TASK ITEM: The answer should hold only the lines from the one containing "Facebook, Instagram and" through the one containing "Fiberglass cast in" in the entries below, copied exactly, without pictures.

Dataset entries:
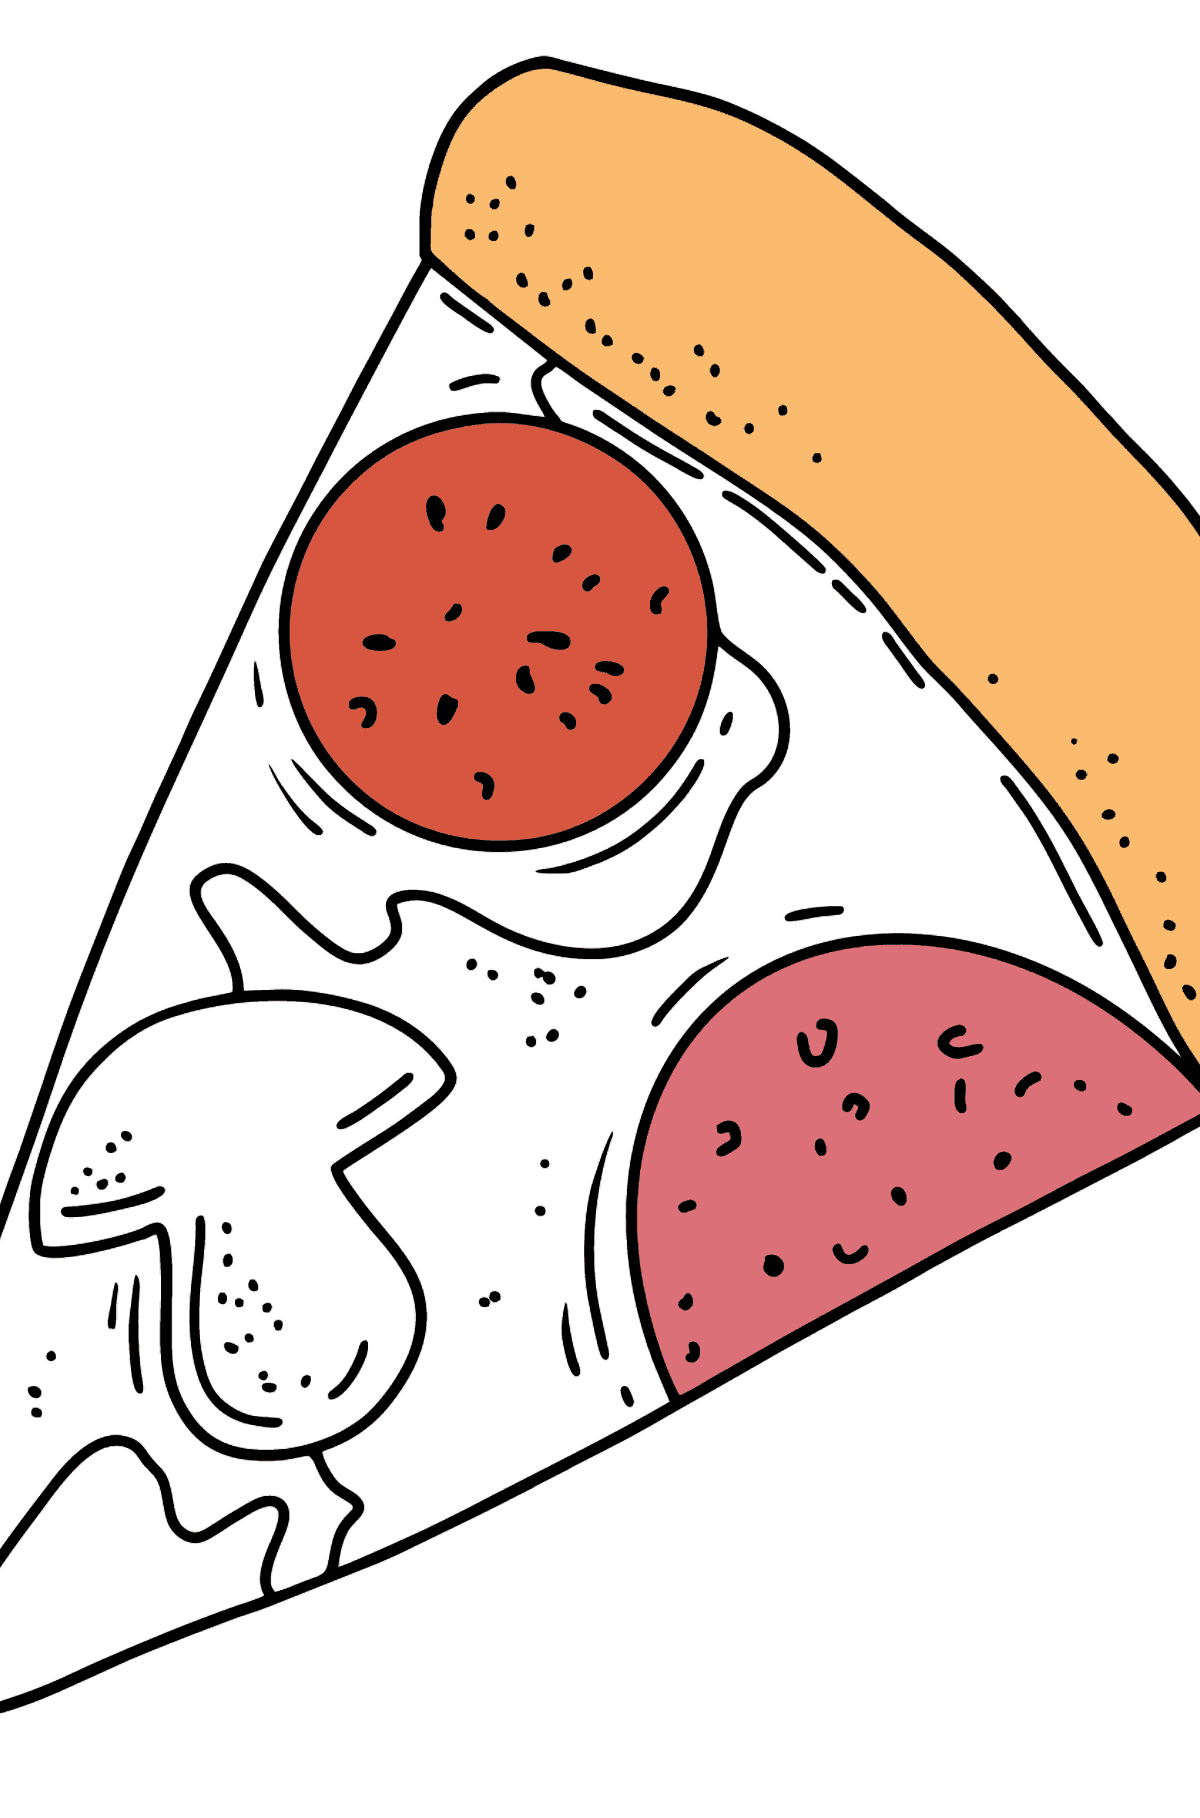 Salami Pizza and Mushrooms coloring page - Coloring Pages for Kids
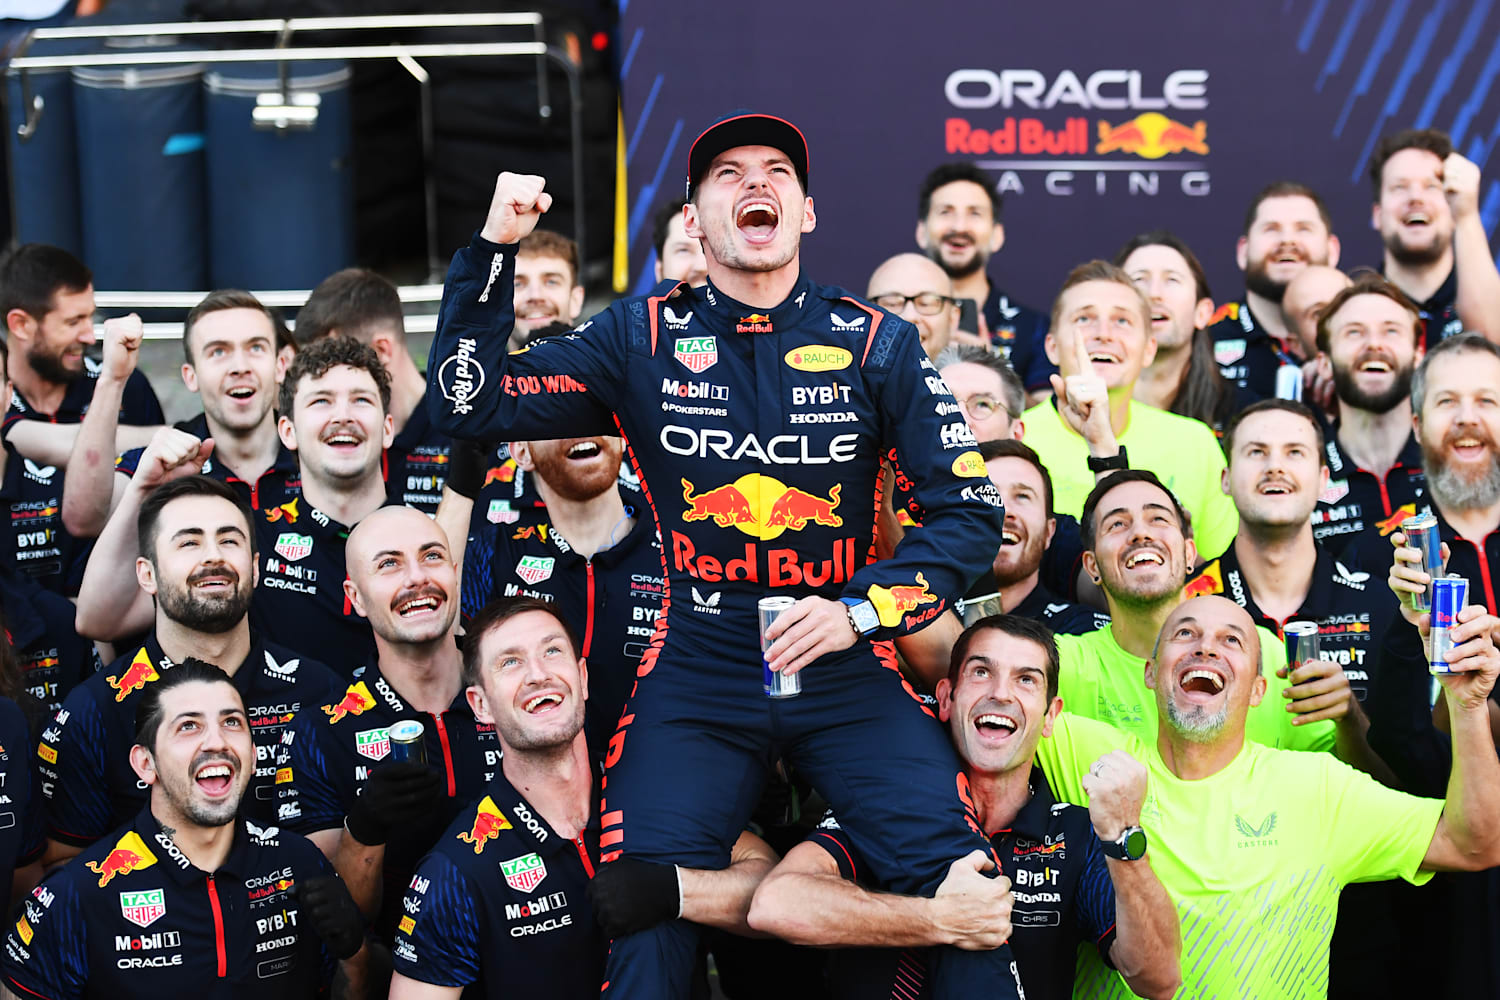 Max Verstappen wins F1 2022 world title - These were the defining
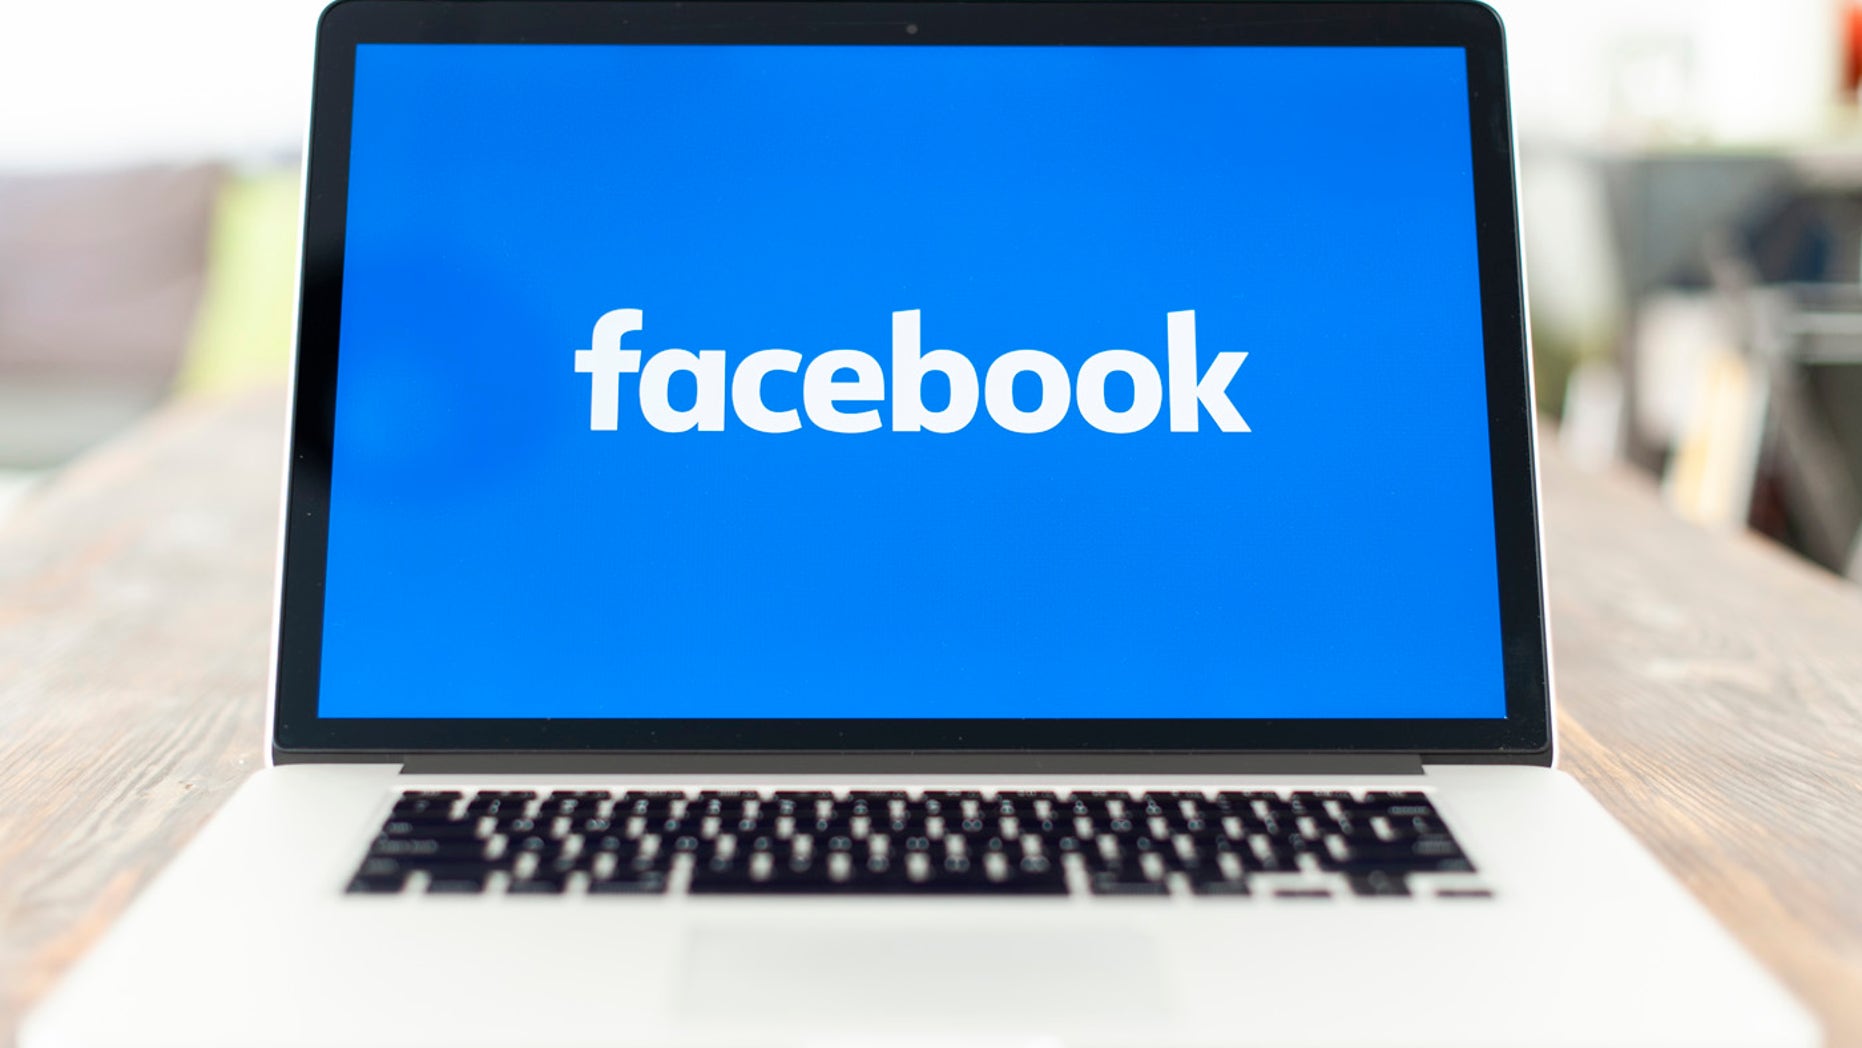 Facebook, Instagram and Whatsapp were partially down Wednesday afternoon for some users of the world, and the disruption lasted for several hours, according to a website where users can report their problems with other sites and apps. (Photo by Jaap Arriens / NurPhoto via Getty Images)
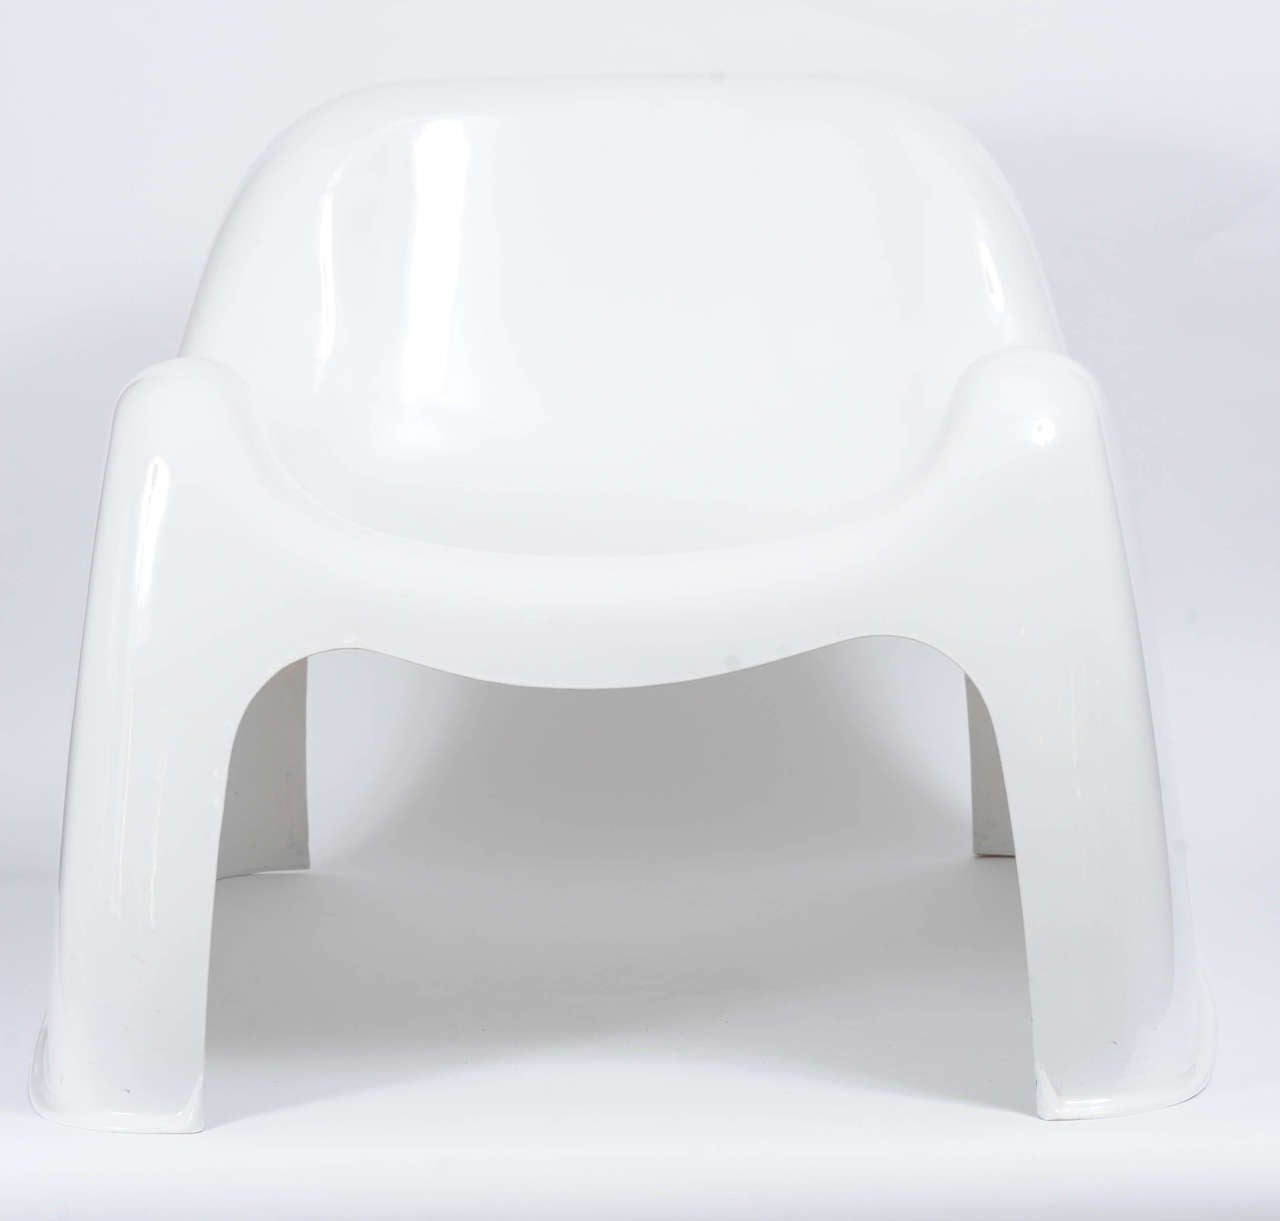 The Toga chair was designed in 1968 by Sergio Mazza voor Artemide.
Fiberglass cast in one piece. Ontwerp uit 1968
Starred on the TV show Space 1999.

EXERCISE ANSWER:
 Facebook, Instagram and Whatsapp were partially down Wednesday afternoon for some users of the world, and the disruption lasted for several hours, according to a website where users can report their problems with other sites and apps. (Photo by Jaap Arriens / NurPhoto via Getty Images)
 The Toga chair was designed in 1968 by Sergio Mazza voor Artemide.
Fiberglass cast in one piece. Ontwerp uit 1968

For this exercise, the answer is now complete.